The project consists of 2 main components:

OpenMV camera running the image classification model
ESP-32 running with an external microphone running Keyword spotting model to detect commands and send commands to the intended device via ESP-Now protocol.

Inteface between INMP441 microphone, ESP32 and OpenMV Cam H7 Plus

Whenever a known object is detected (in our case a lamp and a Television), the corresponding pin is set high for 2 seconds on the OpenMV camera. During this period of 2 seconds, if a command is recognized by the keyword spotting model running on the ESP32, the recognized command (in our case either ON or OFF ) is sent to the selected device using the ESP-Now protocol.

Image Classification model:

We have created an image classification model using the Edge Impulse platform. We collected around 80 images for each class. There are 3 classes in total lamp, television and unknown.

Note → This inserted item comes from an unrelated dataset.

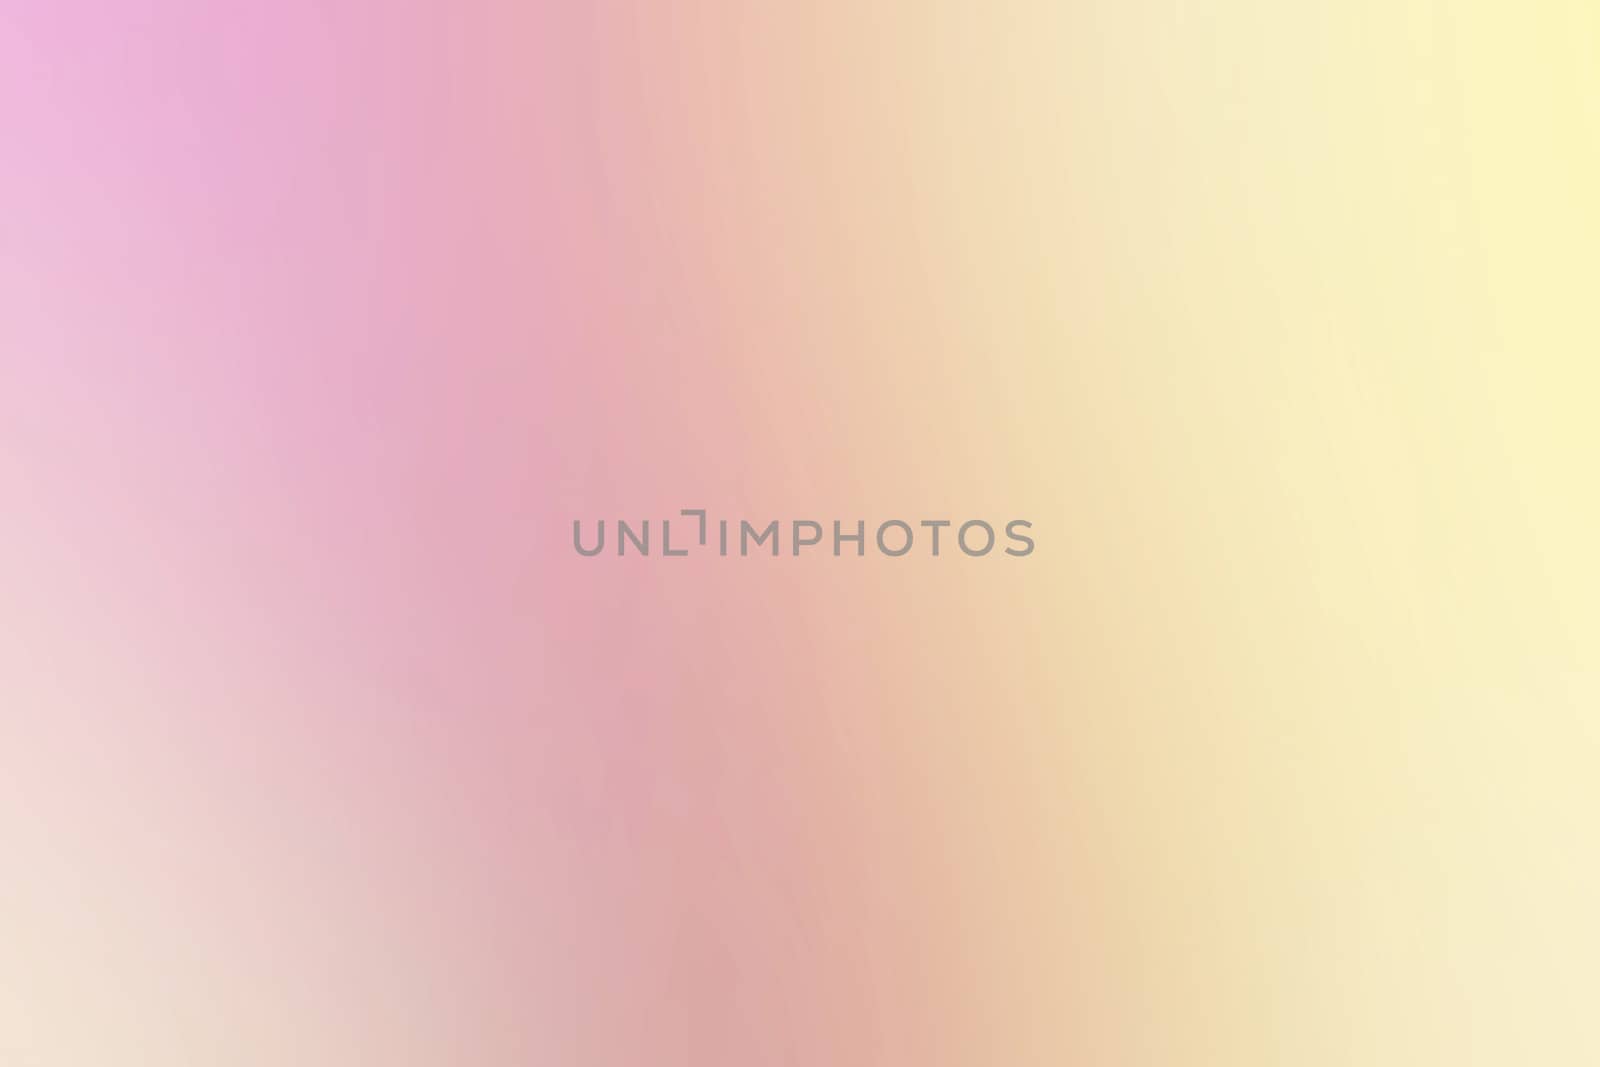 pink blurred background colors gradient, multicolored blurry texture colorful, pink background effect bright neon gradient
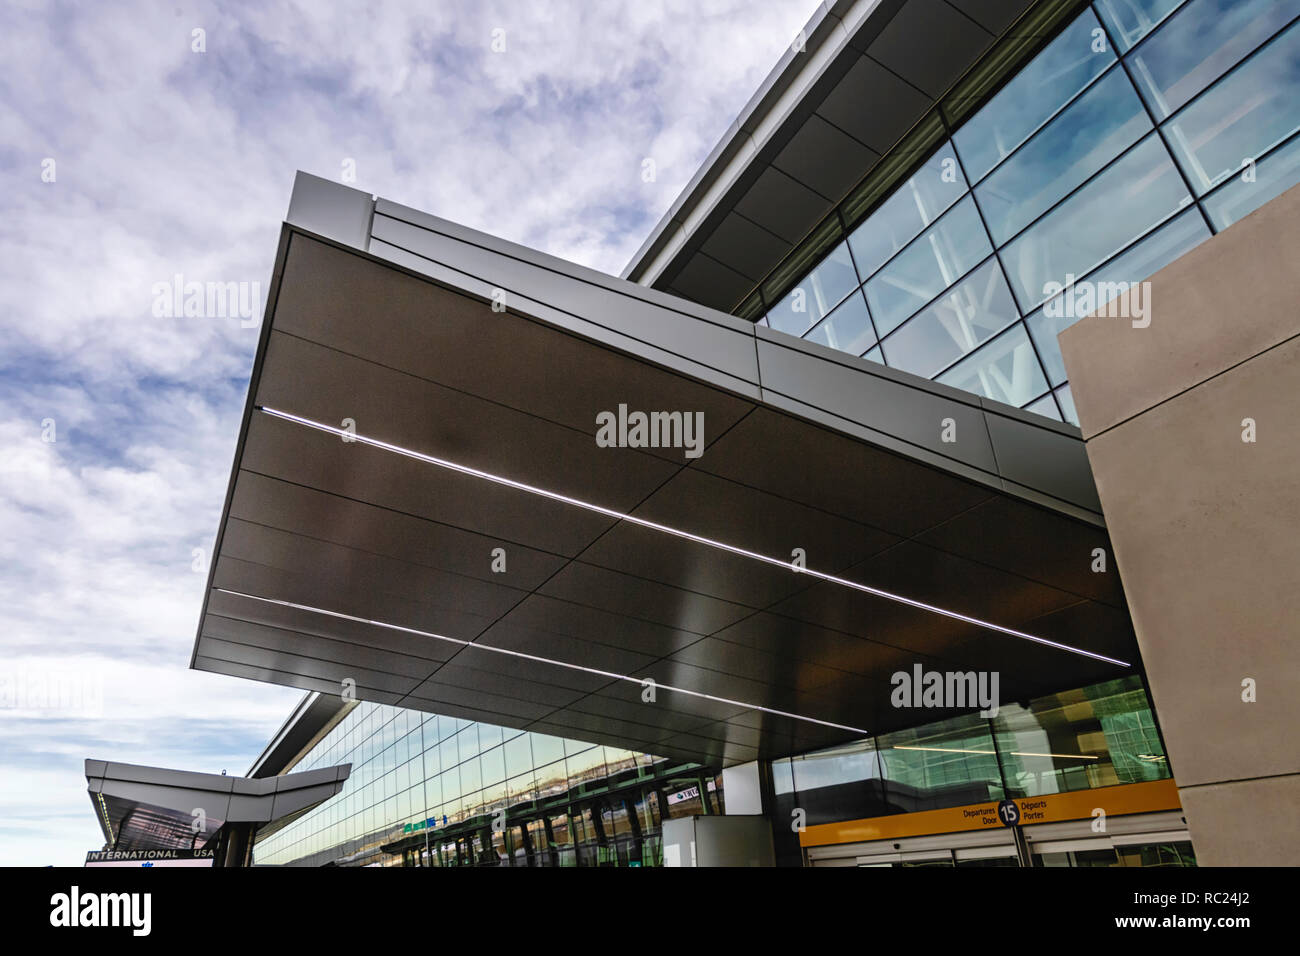 Die neuen internationalen Flughafen Calgary (YYC) Abflugebene Stockfoto

1 / 2 • image of lamp from dataset

It is very important to collect pictures of all other appliances in the room/house during the dataset creation and group them under the unknown category.

Model performance on validation set

The MobileNetV2 0.05 model in Edge Impulse was used for transfer learning.

The trained model was then deployed on the OpenMV camera and was able to achieve 4 inferences per second.

Training Keyword Spotting model:

The Keyword spotting model was trained in google colab, to recognized "On" and "Off" keywords. You can easily retrain the model to recognize other keywords present in the speech_commands dataset.

Post-training, the model was converted to a tflite model and then, post-training quantization was done to reduce the size of the model to be deployed on embedded devices.

Save this tflite model to your desktop and run the following command to convert it into a character array. Save this file as we will be using it at a later stage.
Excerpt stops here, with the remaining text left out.